Data excerpts

---+---

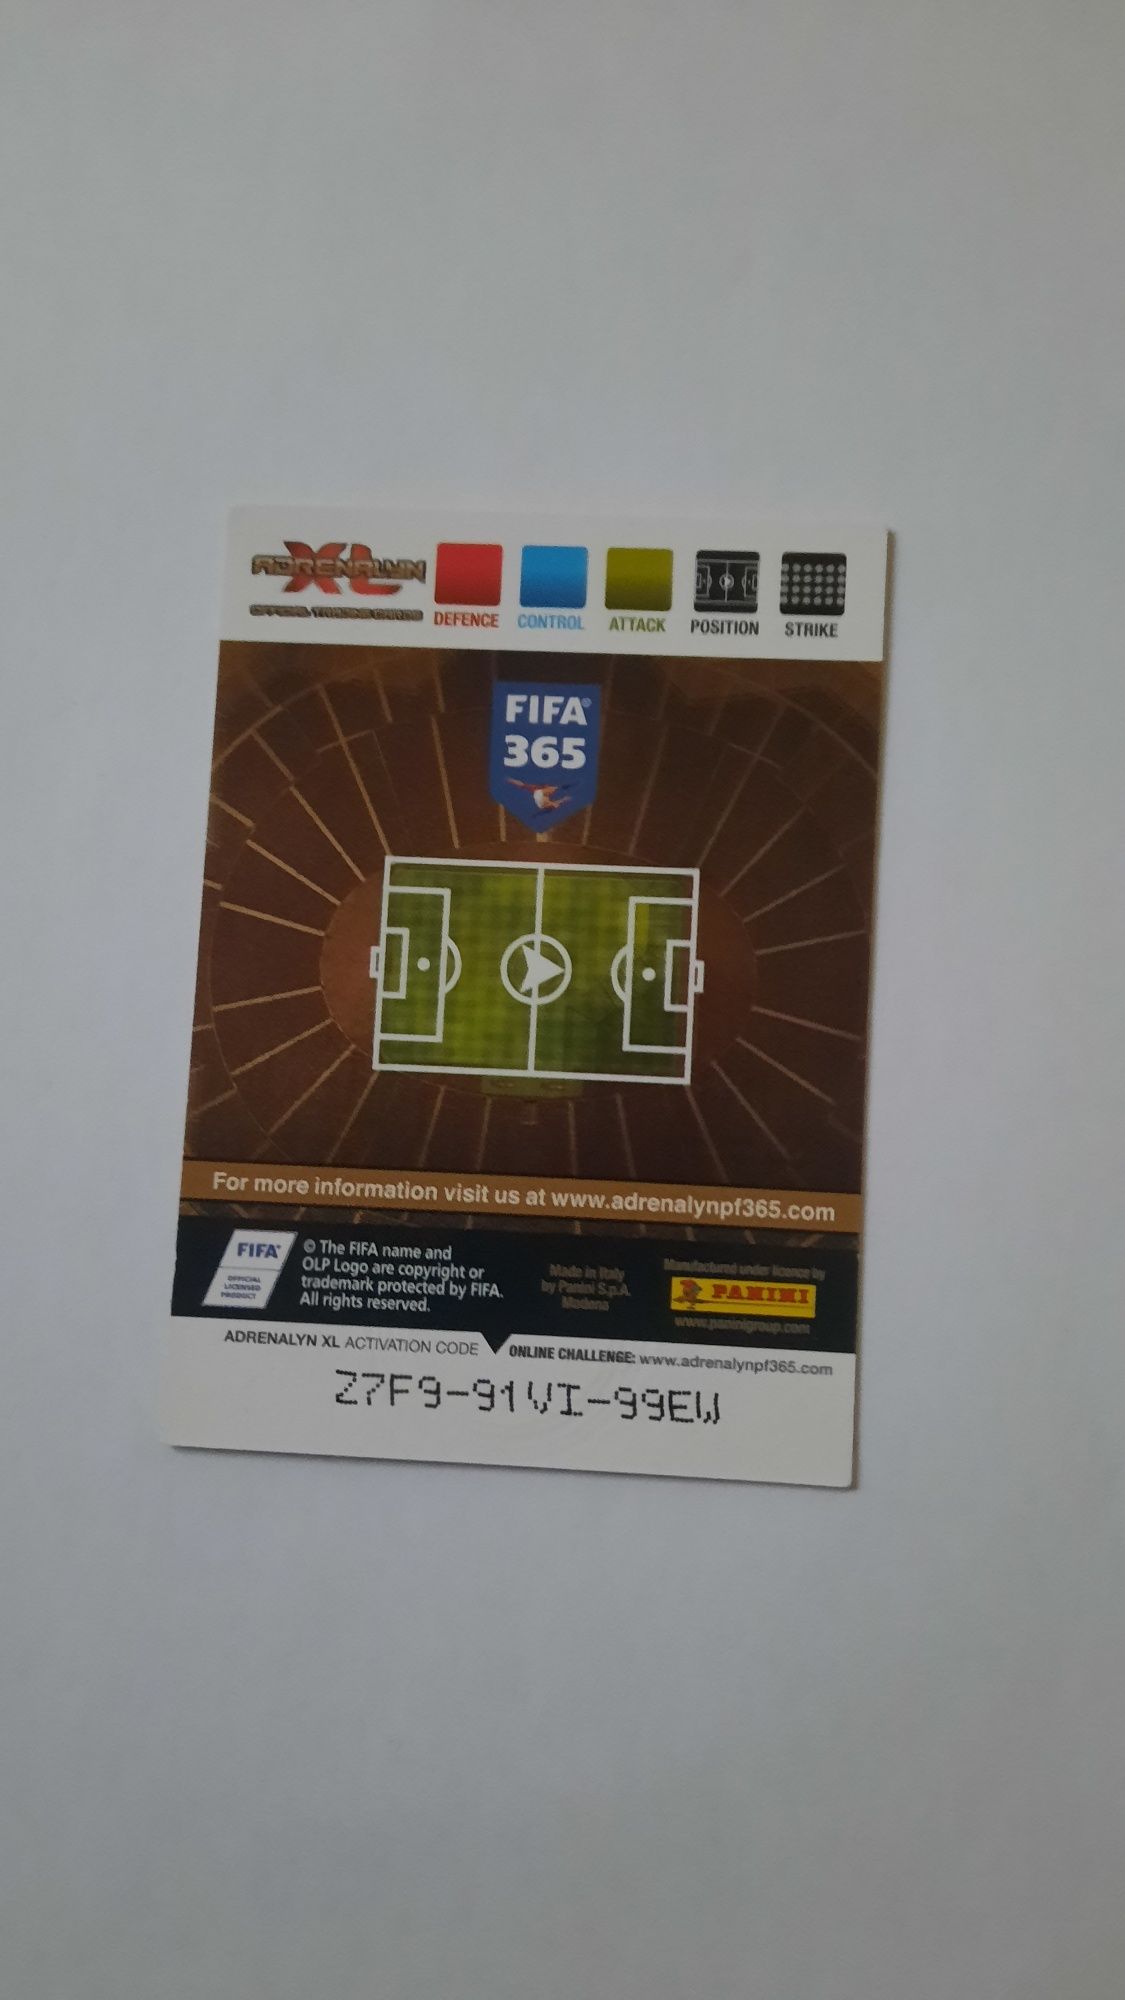 Karta piłkarska FIFA 365 Jurgen Klinsmann rare
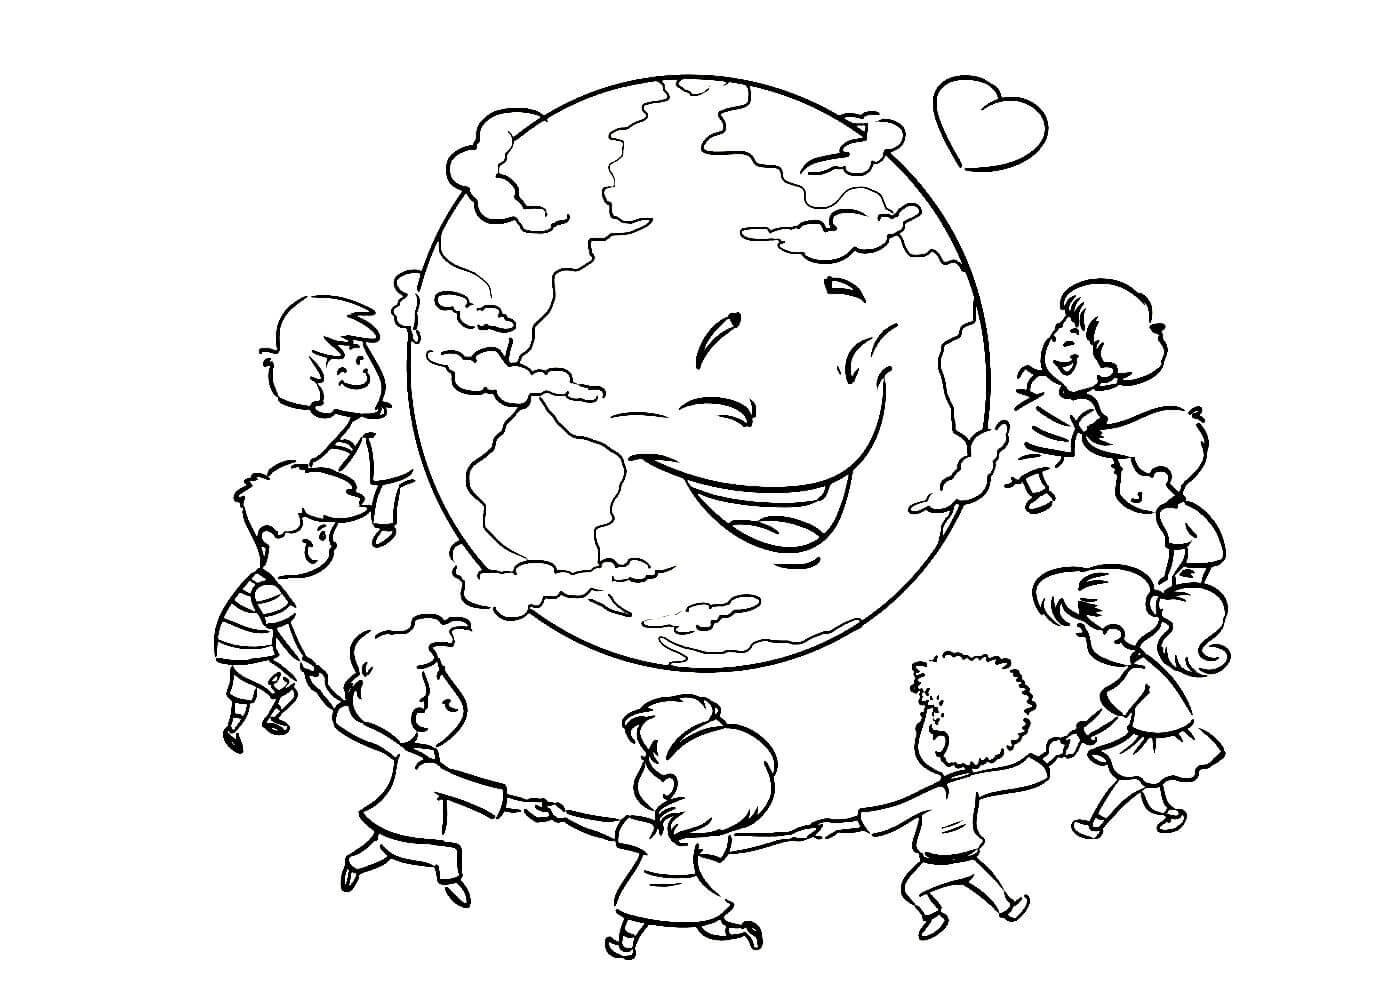 Рисунок на тему дружат дети всей планеты
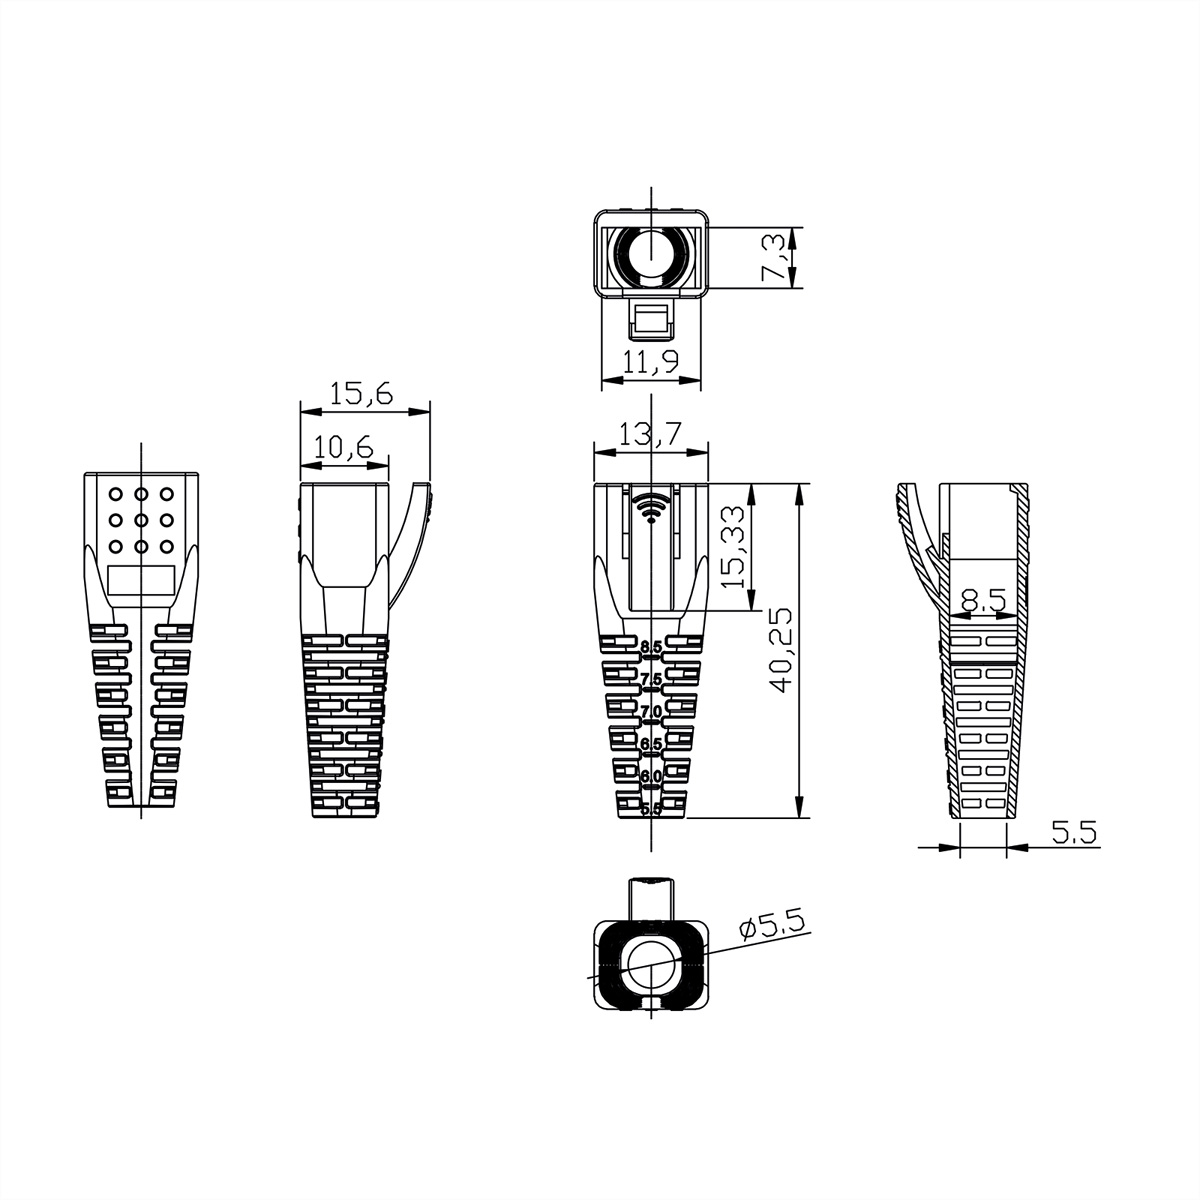 ROLINE Knickschutztülle für Plugs Modular für RJ-45 Tüllen RJ-45
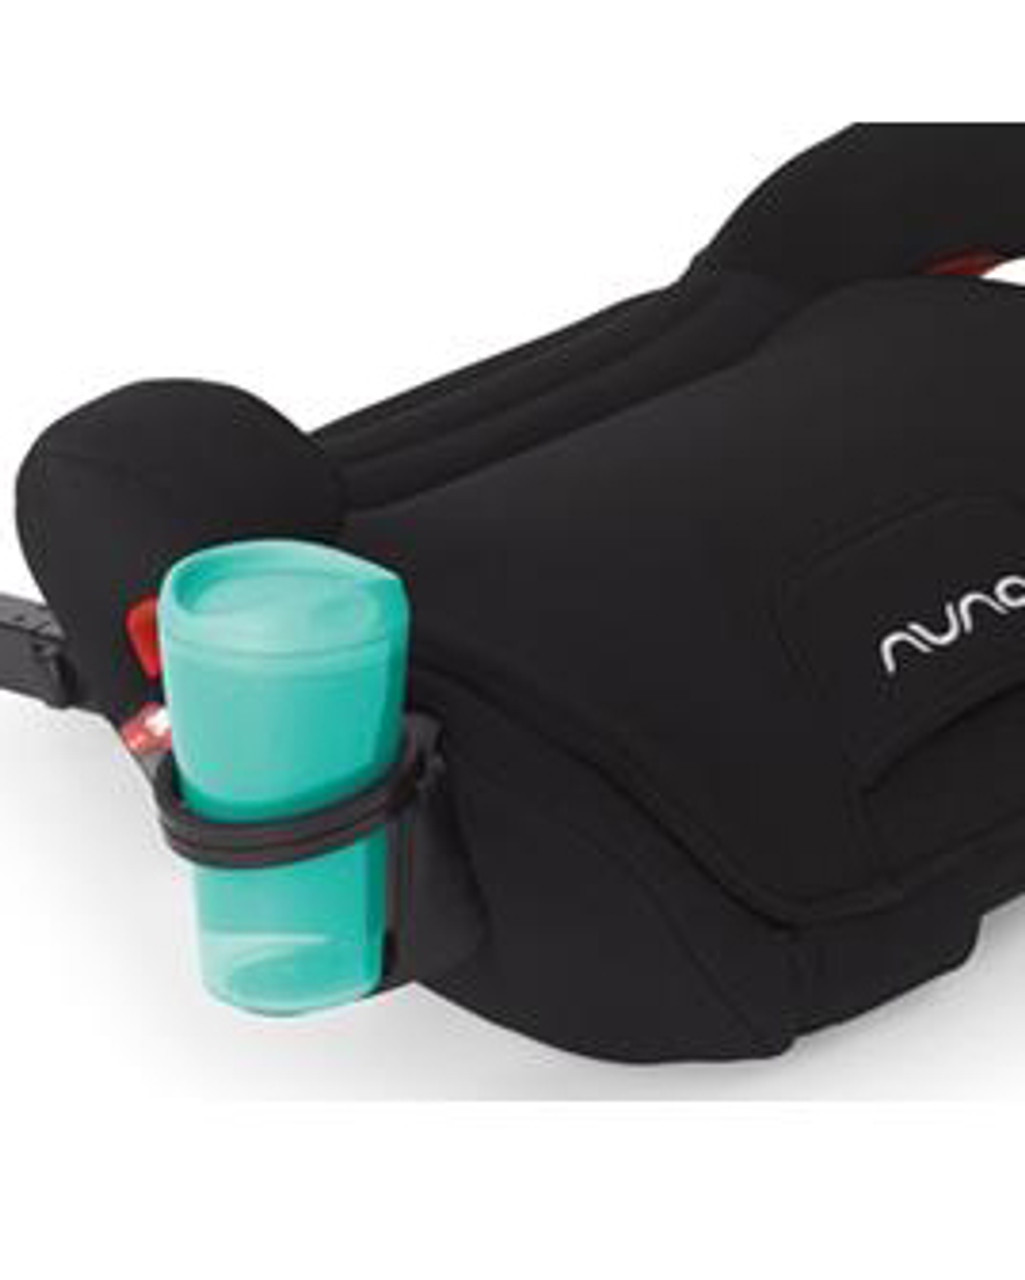 nuna cup holder for stroller
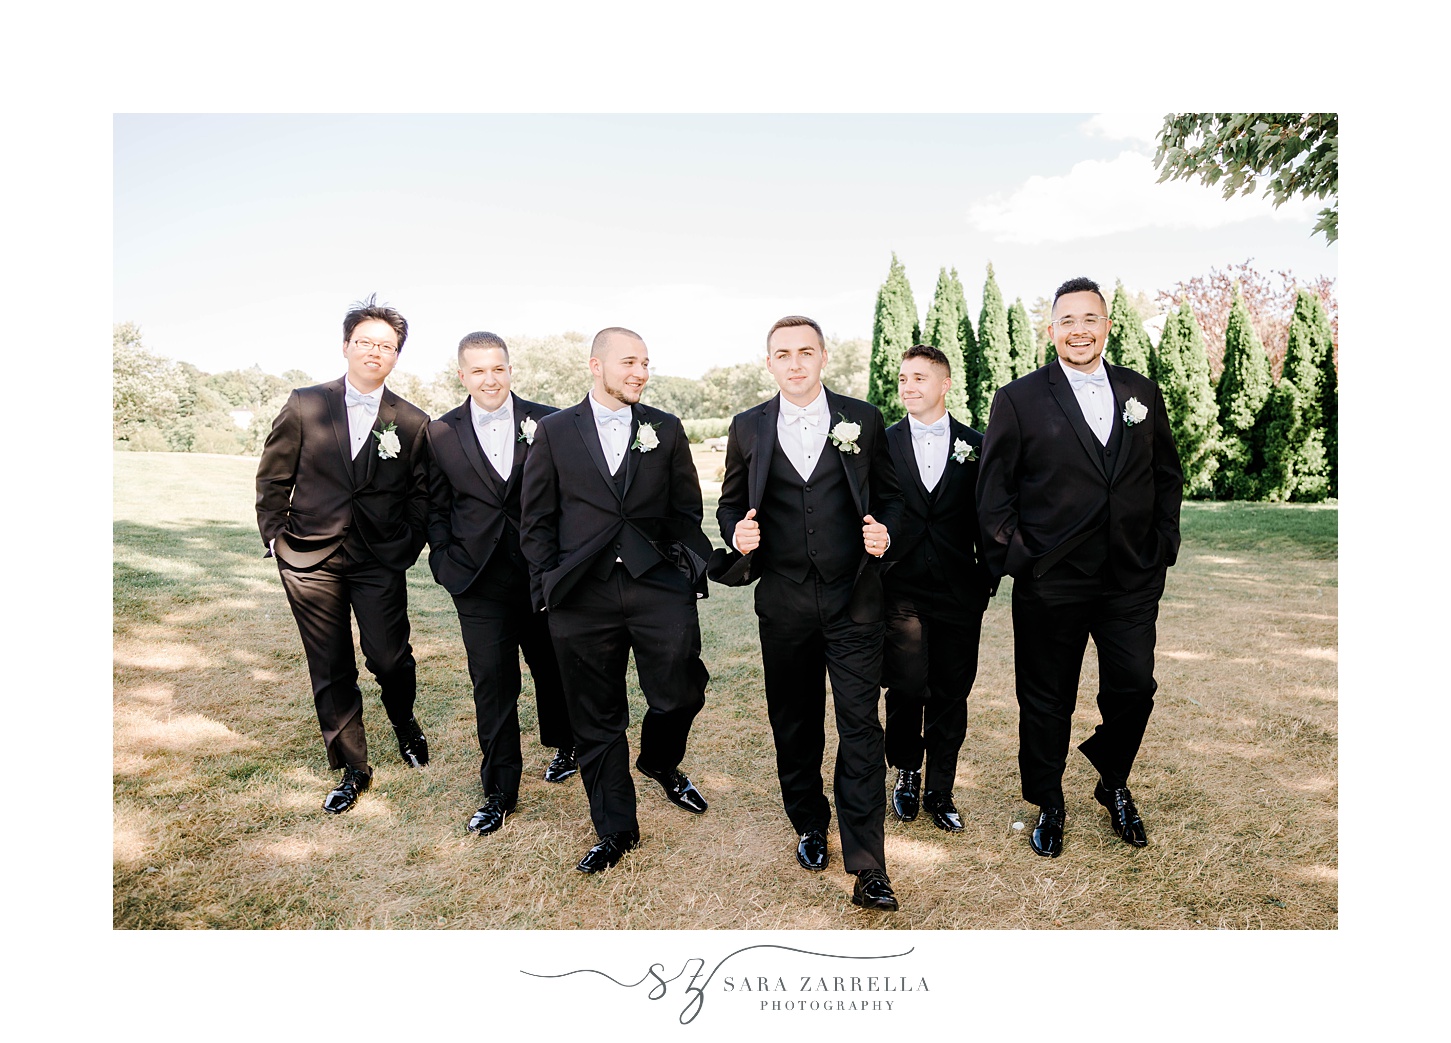 groom walks with groomsmen in black suits with white ties
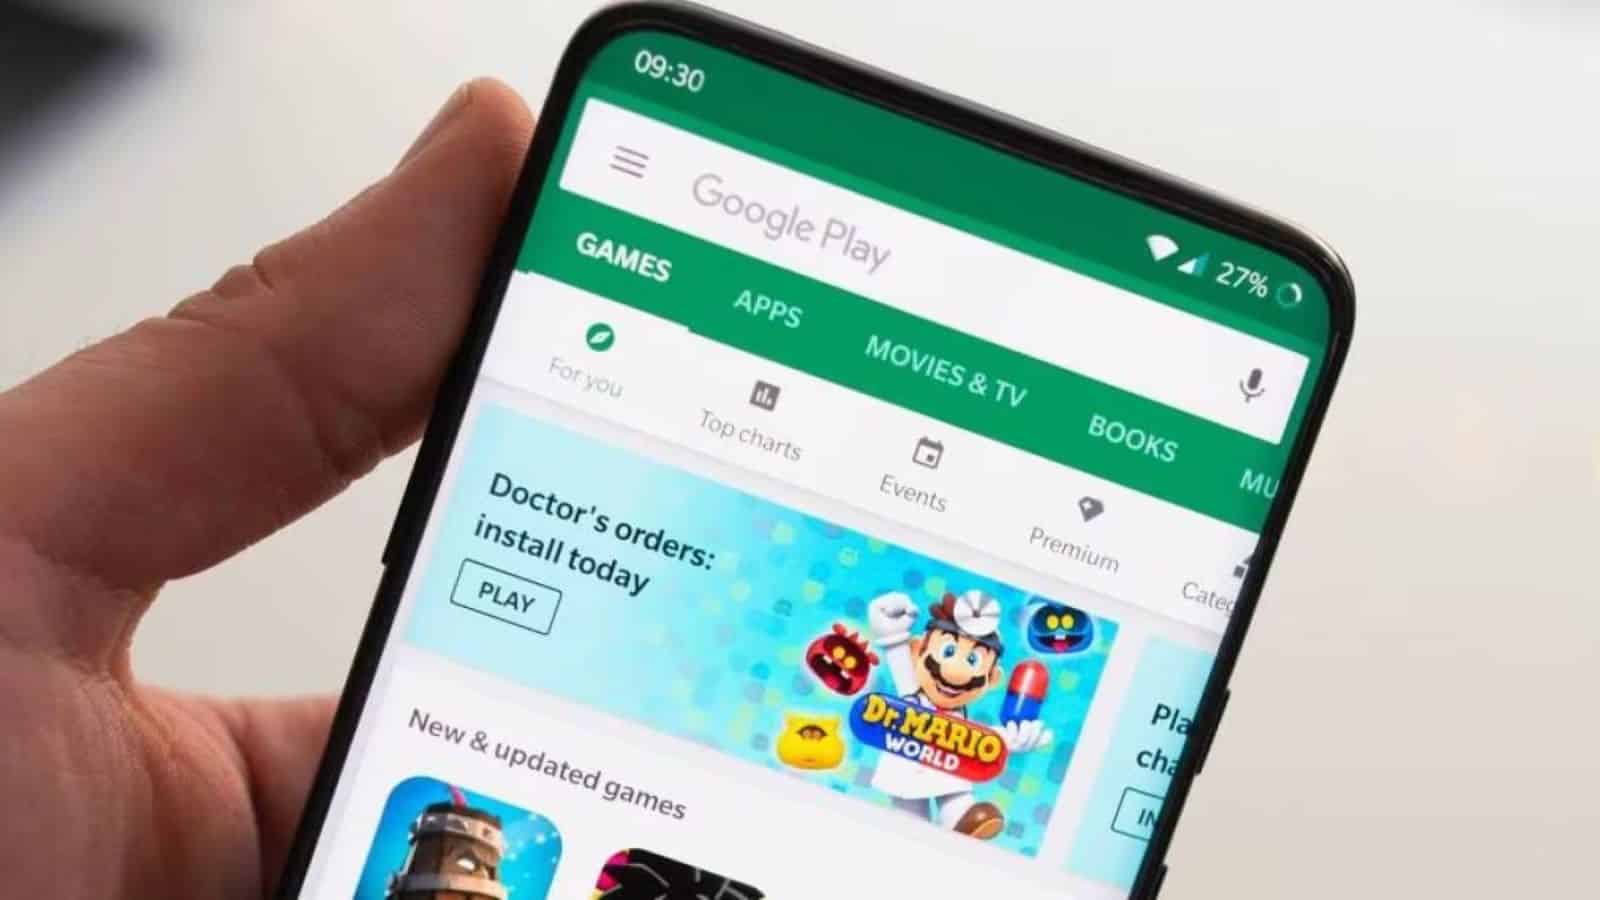 Google Play Store, app e giochi a pagamento GRATIS per gli utenti Android

---+---

Rewrite the data above exactly as given, but omit the images.

* **Answer section**
 Karta piłkarska FIFA 365 Jurgen Klinsmann rare
 Рисунок на тему дружат дети всей планеты
 ROLINE Knickschutztülle für Plugs Modular für RJ-45 Tüllen RJ-45
 nuna cup holder for stroller
 groom walks with groomsmen in black suits with white ties
 Google Play Store, app e giochi a pagamento GRATIS per gli utenti Android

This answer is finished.